The good news: most teams can reduce Azure spend by 20-40% with the steps below.

Step 1: Get Visibility Right

You cannot optimize what you cannot see. Azure provides several free tools for cost visibility, and the trick is knowing which ones matter and how to configure them so the data is actually usable.

Open Cost Management and Set Your Scope

Azure Cost Management is free and lives under the billing scope. The first thing to get right is the scope you are looking at: billing account, billing profile, management group, subscription, or resource group. Most teams stare at a single subscription and miss the fact that costs are scattered across several.

Go to Cost Management + Billing → Cost analysis and set the scope to the highest level you manage. If you have multiple subscriptions, pin a view at the management group level so one-click gives you the whole picture.

What to look for first:

  • Daily cost trend: Is spend stable, growing, or spiking?
  • Top 5 services: Where is most of the money going? Usually VMs, storage, SQL, Log Analytics, or AKS.
  • Top resource groups: Which workloads dominate? This is often more actionable than "top services."
  • Unattributed cost: Anything without your required tags is a red flag.

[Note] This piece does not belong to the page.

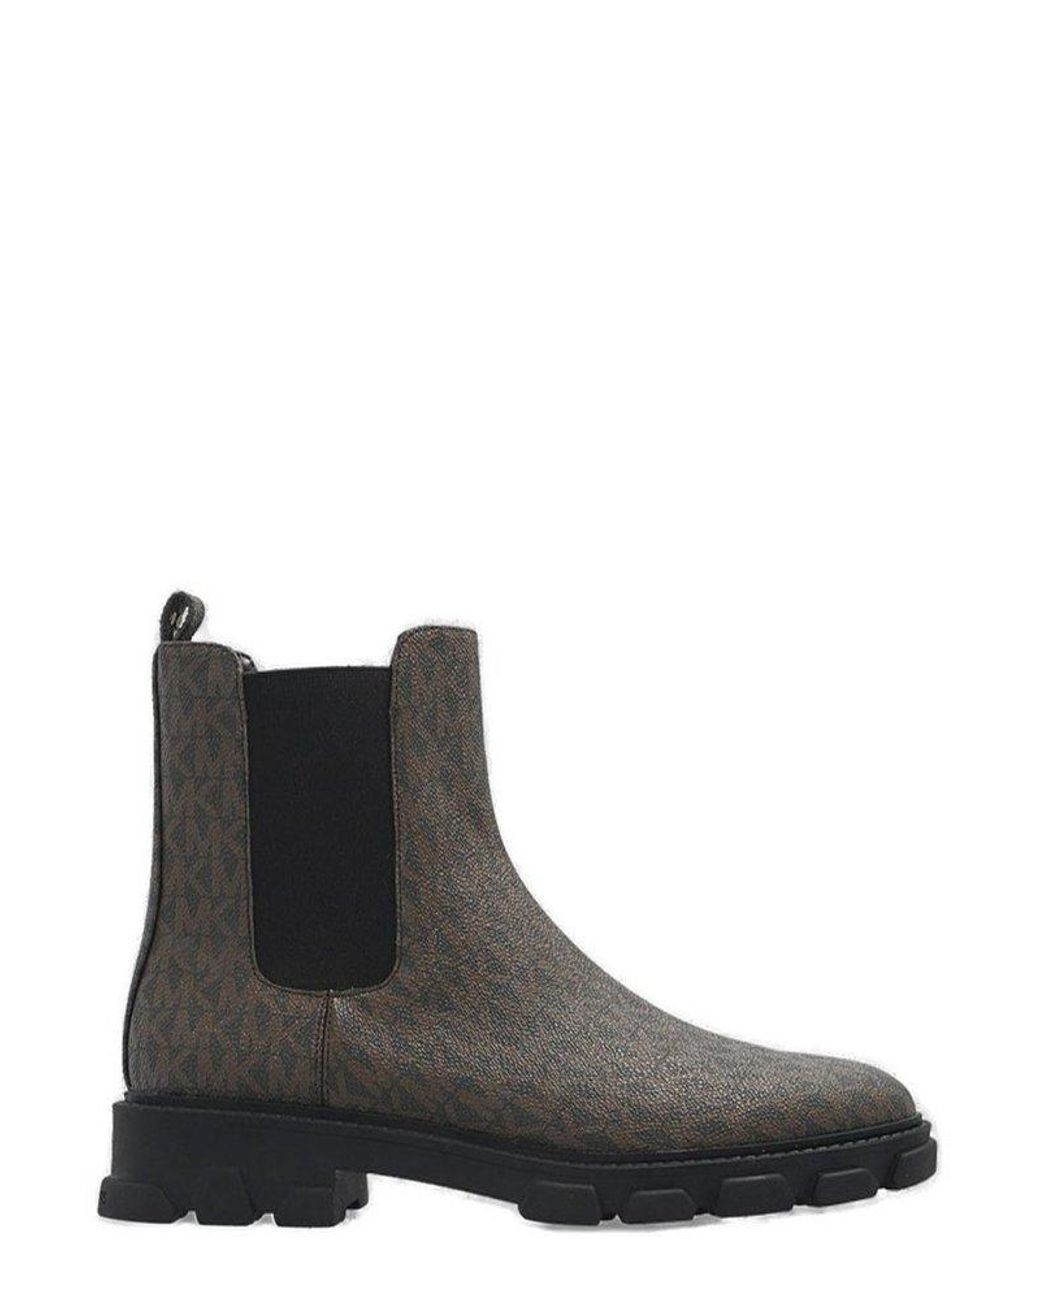 MICHAEL Michael Kors Ridley Chelsea Boots in Brown | Lyst

Set Up Tags and Enforce Them

Tags are the foundation of cost attribution. Without them, you know THAT money was spent but not WHERE or BY WHOM.

Recommended tags:

TagPurposeExample
EnvironmentSeparate prod from dev and stagingproduction, staging, dev
CostCenterAttribute costs to business unitsplatform, data, marketing
OwnerAccountabilityjane@company.com
WorkloadTrack spend by initiativecustomer-api, ml-pipeline
How to enforce them: Tags on their own are useless if people forget to apply them. Use Azure Policy to require specific tags at resource creation time and to inherit tags from the resource group down. Go to Policy → Definitions and look for the built-in "Require a tag and its value on resources" policy.

Important: Tags are not retroactive. Costs before tag activation are unattributed and you cannot get them back. Start tagging now — every month you wait is data you lose.

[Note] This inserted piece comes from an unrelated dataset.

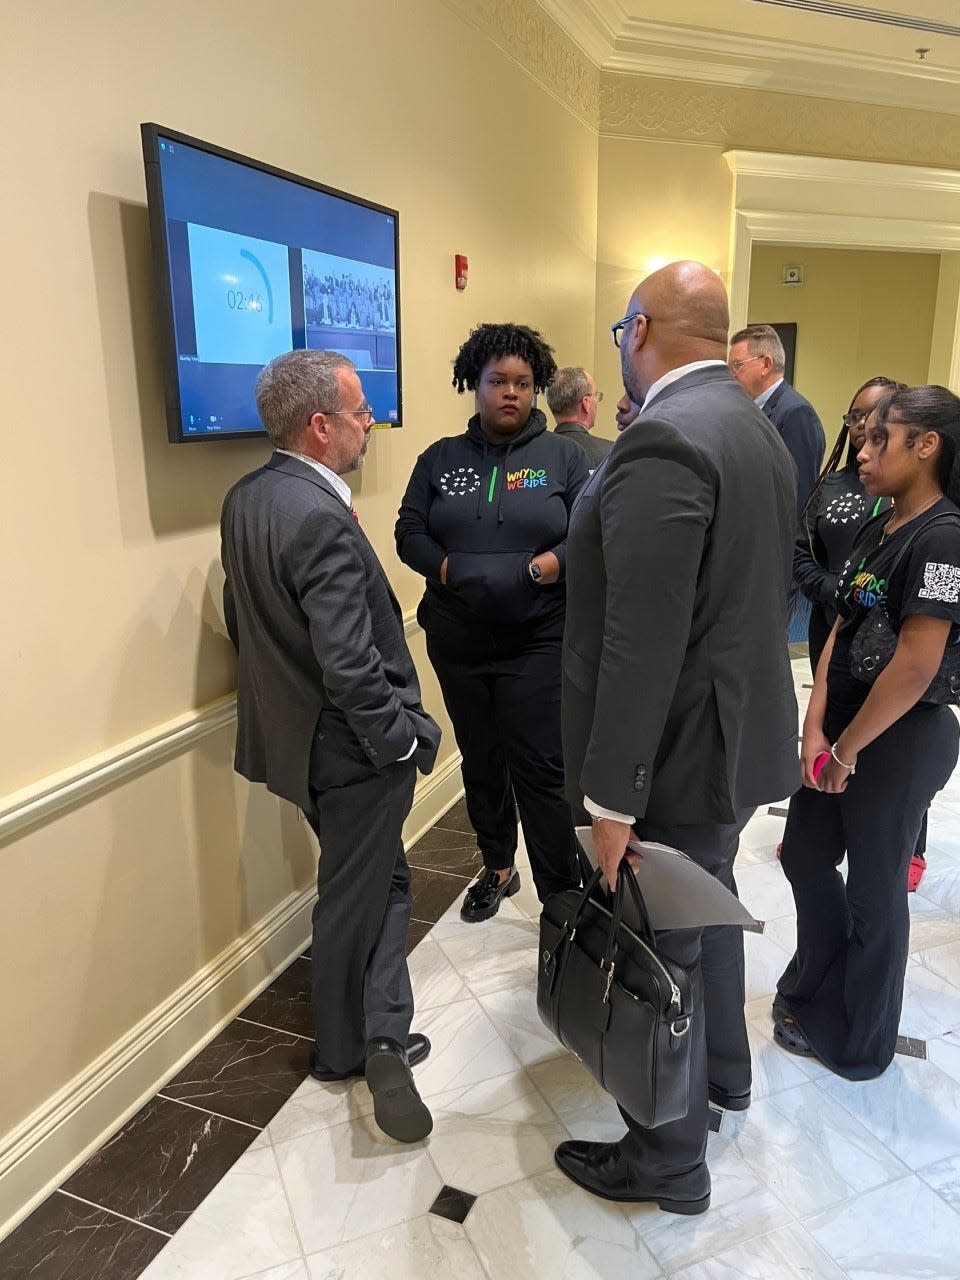 Del. William Wivell, R-Washington, left, speaks with Brittany Young, center, and members of the B-360 organization, which works with young riders outside the hearing room in Annapolis on March 2, 2023. Young received funding from Harris' Baltimore Corps to start B-360.

Enable Budgets and Cost Alerts

Set a budget at the subscription or management group level and wire the alerts to an email list that actually gets read. The Azure default is to alert at 80 percent and 100 percent of the budget. Add a third alert at 50 percent so you have time to react before the number is scary.

Setup: Cost Management → Budgets → Add → set amount, period, and alert thresholds.

Configure Cost Exports to Storage

This is the step most teams skip and it is the most valuable one. Configure a daily export of cost data to an Azure Storage account, then either query it with Synapse or pipe it into your own analytics layer. The Cost Management portal is fine for exploration but terrible for actual analysis across long time windows.

Setup: Cost Management → Exports → Create → choose daily export, pick a storage account, set the format to Parquet if you have the option. Exports are free.

Once exports are running you can answer questions like "what did customer X cost us last quarter" or "which service line is growing fastest" without waiting for the portal to render. This is the foundation for real FinOps.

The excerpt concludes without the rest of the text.